Despite all of its work, the council is still not satisfied with an alternative, more industry-friendly bill that was introduced Monday by Democratic Reps. John Dingell (Mich.) and Frank Pallone, whose district includes New Brunswick, N.J., home to Johnson & Johnson, one of the industry’s biggest players.

So the council has turned to Rep. Leonard Lance, an obscure New Jersey Republican who represents the neighboring district, to introduce yet another alternative modeled after the council’s proposal.

Lobbyists expect Lance to drop his version in the coming weeks, but an office spokesman declined to discuss timing or the degree of industry input in his bill.

The industry-backed bill would require the FDA to investigate safety concerns only when petitioned by outside parties. It would, however, require companies to report facilities, product ingredients and adverse events, according to a summary the council provided to Roll Call.

Unlike the Pallone and Schakowsky proposals, it would not levy a fee on cosmetics companies to help fund the FDA’s expanded activities. Council lobbyists argue that they have backed increased funding for the agency’s Office of Cosmetics and Colors since 2006 and that is enough.

One of the three proposals will likely be added to the reauthorization of the Prescription Drug User Fee Act program, a must-pass bill that helps fund the FDA and expires in September.

Safety advocates dismiss the council’s approach, arguing that it would leave the FDA’s cosmetics office underfunded and at the mercy of the industry. Today, the only other body monitoring the ingredients used in cosmetics, the industry-funded Cosmetic Ingredient Review, is housed in the same 17th Street Northwest building as the trade association. The FDA has no authority to enforce CIR recommendations.

“I think there has been undue influence on the Office of Cosmetics and Colors from the cosmetics industry since they started regulating cosmetics 70 years ago,” said Janet Nudelman, the policy director of the Breast Cancer Fund, which sponsors the Campaign for Safe Cosmetics, a coalition of 150 organizations representing consumers, salon workers and environmentalists. “It’s such an incestuous relationship.”

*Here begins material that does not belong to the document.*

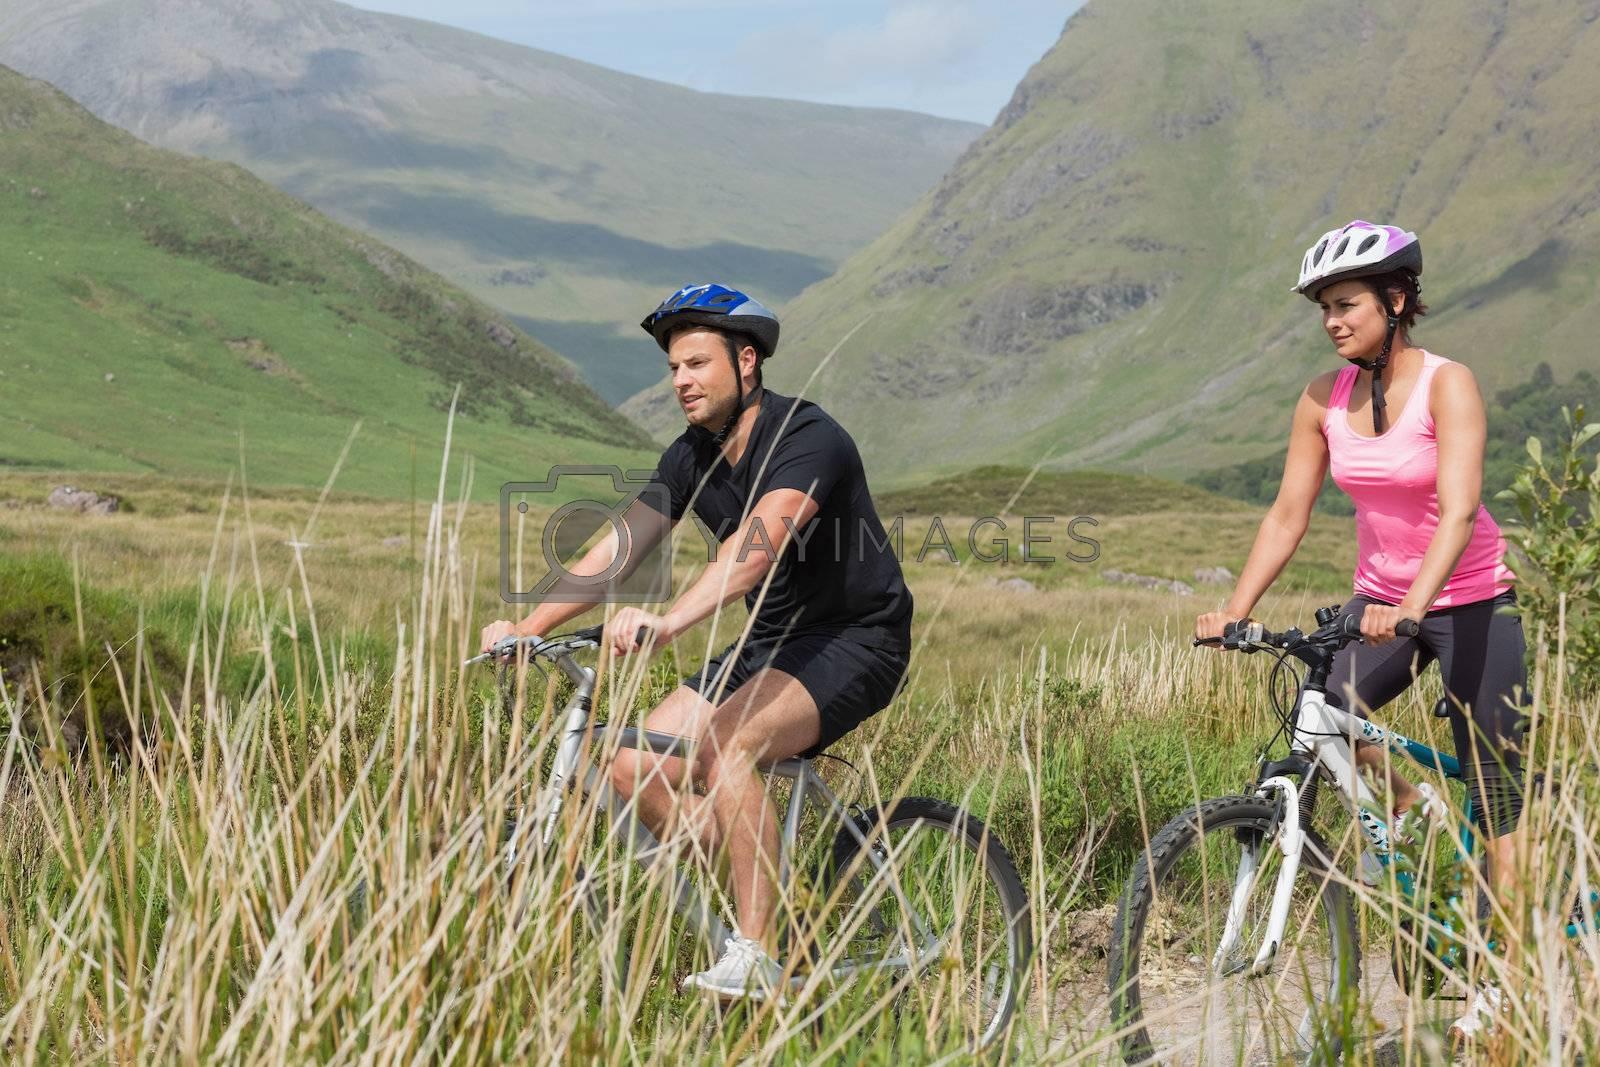 Athletic couple biking through countryside by Wavebreakmedia

Nudelman’s group paid the Raben Group $120,000 in 2011 to handle its legislative agenda, including efforts to promote the Schakowsky measure.

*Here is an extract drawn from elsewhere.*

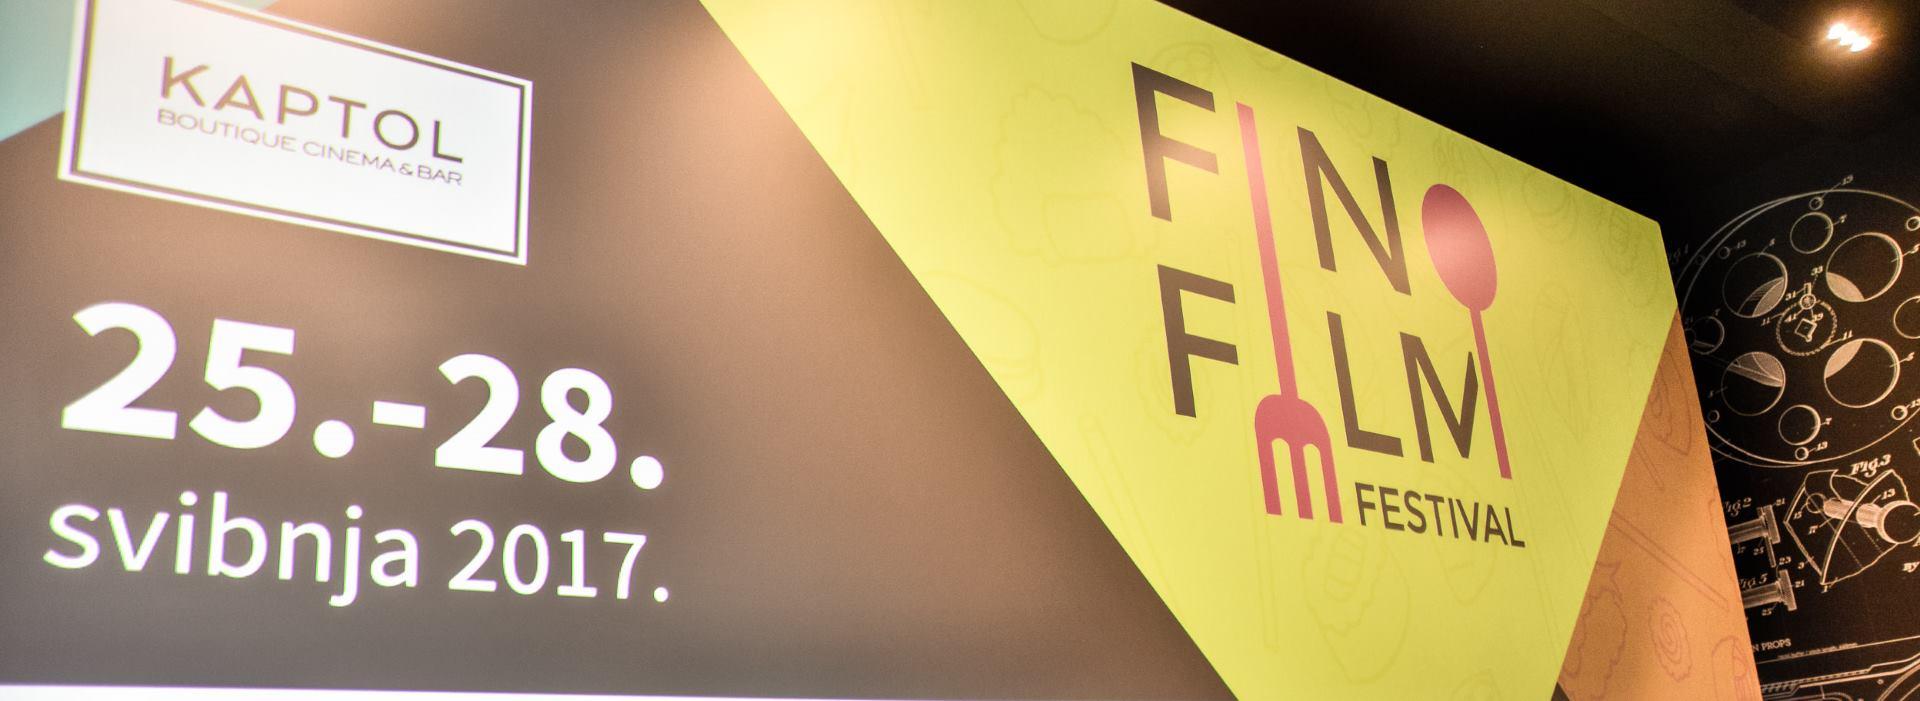 FOTO: Održano svečano otvorenje FINO FILM FESTIVALA

In 2006, the FDA concluded that hydroquinone, a chemical found in skin-lightening products, might act as a carcinogen and recommended it be removed from a list of safe ingredients, but it still has not acted on the recommendation, Nudelman noted. In December, the agency reported that the amount of lead found in hundreds of lipsticks was safe — a finding the Campaign for Safe Cosmetics refutes.

The industry is pushing especially hard for a provision that would bar states from pre-empting national regulations. Safety advocates argue that would jeopardize more aggressive state laws such as the one California passed in 2005 that allowed the state’s attorney general to sue Brazilian Blowout, a North Hollywood-based company whose hair-straightening product emits formaldehyde gas.

A spokesman for the cosmetics council noted that formaldehyde is safely used as a preservative in many products such as shampoo.

“Their approach is basically not based on a scientific review of those ingredients. It is based on the conclusion that if there are questions raised about an ingredient, it should be taken out,” Hurson said. “We just fundamentally disagree with that.”